HF username; cowgirl4jesus94
Horse's name; Splash
Class name; Best candid
Class number; 29


----------



## Spyder

Ok I allowed a couple extra days for any procrastinators and will close this contest for entries as of Midnight tonight EST.

Any pictures posted after will not be considered.


----------



## Spyder

This contest is officially closed. Any pictures posted after this post will not be considered.


----------



## Hoofprints in the Sand

Sorry! I didn't get your post back about how to post my pic until just now :-( Well, if you'll still consider it, here it is!!  Thanks Spyder!

*Horse name: Hoofprints in the Sand*
*Class: 21 - Cross Country*


----------



## Spyder

I have accepted your entry as it was discussed last night but no further entries will be accepted.


----------



## Hoofprints in the Sand

Thanks!


----------



## Velvetgrace

I hate it that everytime I come across a contest it closes just before I get the chance to post pictures. 

Oh Well. I look but just not that well cordinated... lol


----------



## Whipple

So whats going on? Is this going to be judged?


----------



## Spyder

Whipple said:


> So whats going on? Is this going to be judged?


 
Yes it is being judged now.

I am waiting on some judges to get thier scores and comments in. I have received some so looks like I will have to crack some whips to get the rest moving.


----------



## JustDressageIt

*Mooooo*

I will be on later to judge 

Spyder, you'll have my placings by the end of the day


----------



## Dartanion

I am itching for the results *itch itch* hehe I know corny but heck  I am excited.


----------



## Spyder

Dartanion said:


> I am itching for the results *itch itch* hehe I know corny but heck  I am excited.


 
Slowly getting the scores in and waiting for a few more judges (like coughJDI cough).

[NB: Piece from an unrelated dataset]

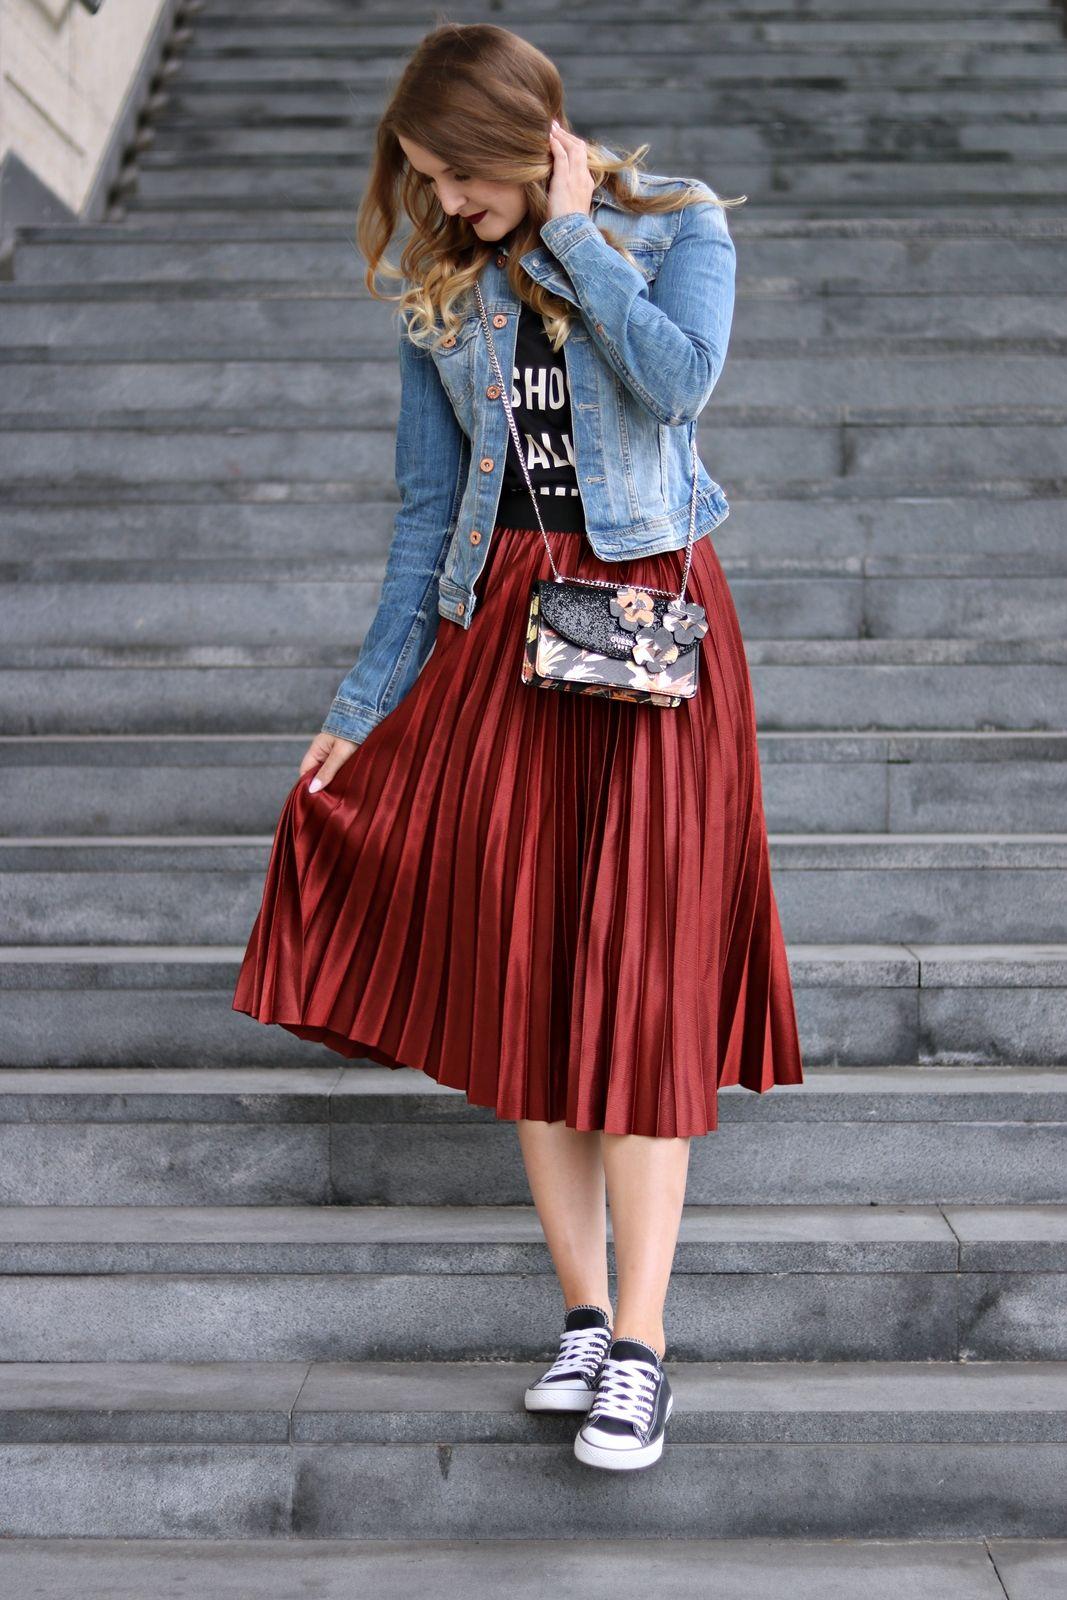 My Vienna Fashion Week Street Style Look – Fashionladyloves – Fashion
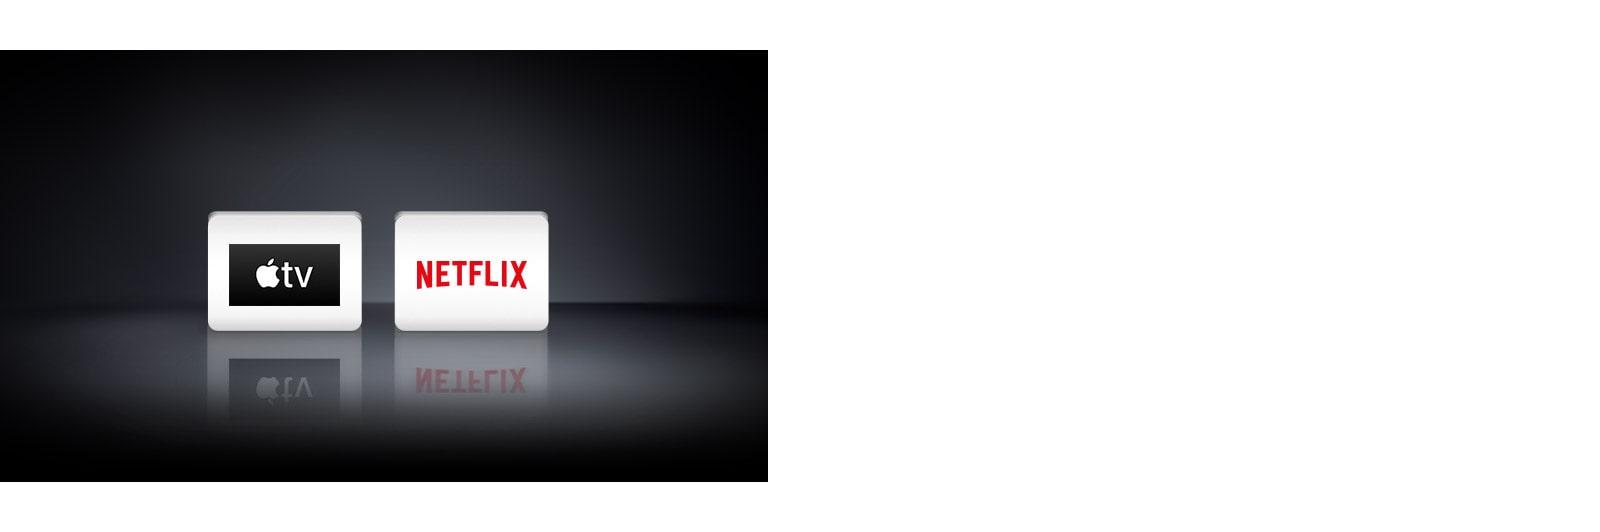 Četiri logotipa: aplikacija Apple TV, Netflix

I am aiming for this weekend (Sunday) for the results to be posted.


----------



## Dartanion

Spyder said:


> Slowly getting the scores in and waiting for a few more judges (like coughJDI cough).
> 
> I am aiming for this weekend (Sunday) for the results to be posted.


Woot Woot ^_^


----------



## 7Ponies

Will check back on Sunday


----------



## Cat

*Impatiently taps foot... *


----------



## Spyder

Cat said:


> *Impatiently taps foot... *


Stomps on foot...hehehehehe


----------



## Dartanion

Spyder said:


> Stomps on foot...hehehehehe


LOL:lol:


----------



## Cat

Spyder said:


> Stomps on foot...hehehehehe


Ppfffttt...how bad do you think one of those spindly spyder feet actually hurt?







Now if it was one of Joshie's BIG scary feet - then I might have a problem. Then I might end up with a broken foot. :wink:


----------



## ohmyitschelle

LOL! 
Good response Cat 
x


----------



## Spyder

Cat said:


> Ppfffttt...how bad do you think one of those spindly spyder feet actually hurt?
> 
> 
> 
> 
> 
> 
> 
> Now if it was one of Joshie's BIG scary feet - then I might have a problem. Then I might end up with a broken foot. :wink:


 
Well you DO have a point there......about Joshie's *BIG FEET* that is.


----------



## 1dog3cats17rodents

Who is left?


----------



## EquitationStar

Member: EquitationStar
Horse: Momentum
Class: 17


----------



## Spyder

EquitationStar said:


> Member: EquitationStar
> Horse: Momentum
> Class: 17


Sorry but entries closed a few weeks ago.

Maybe when another contest starts you can enter this picture.


----------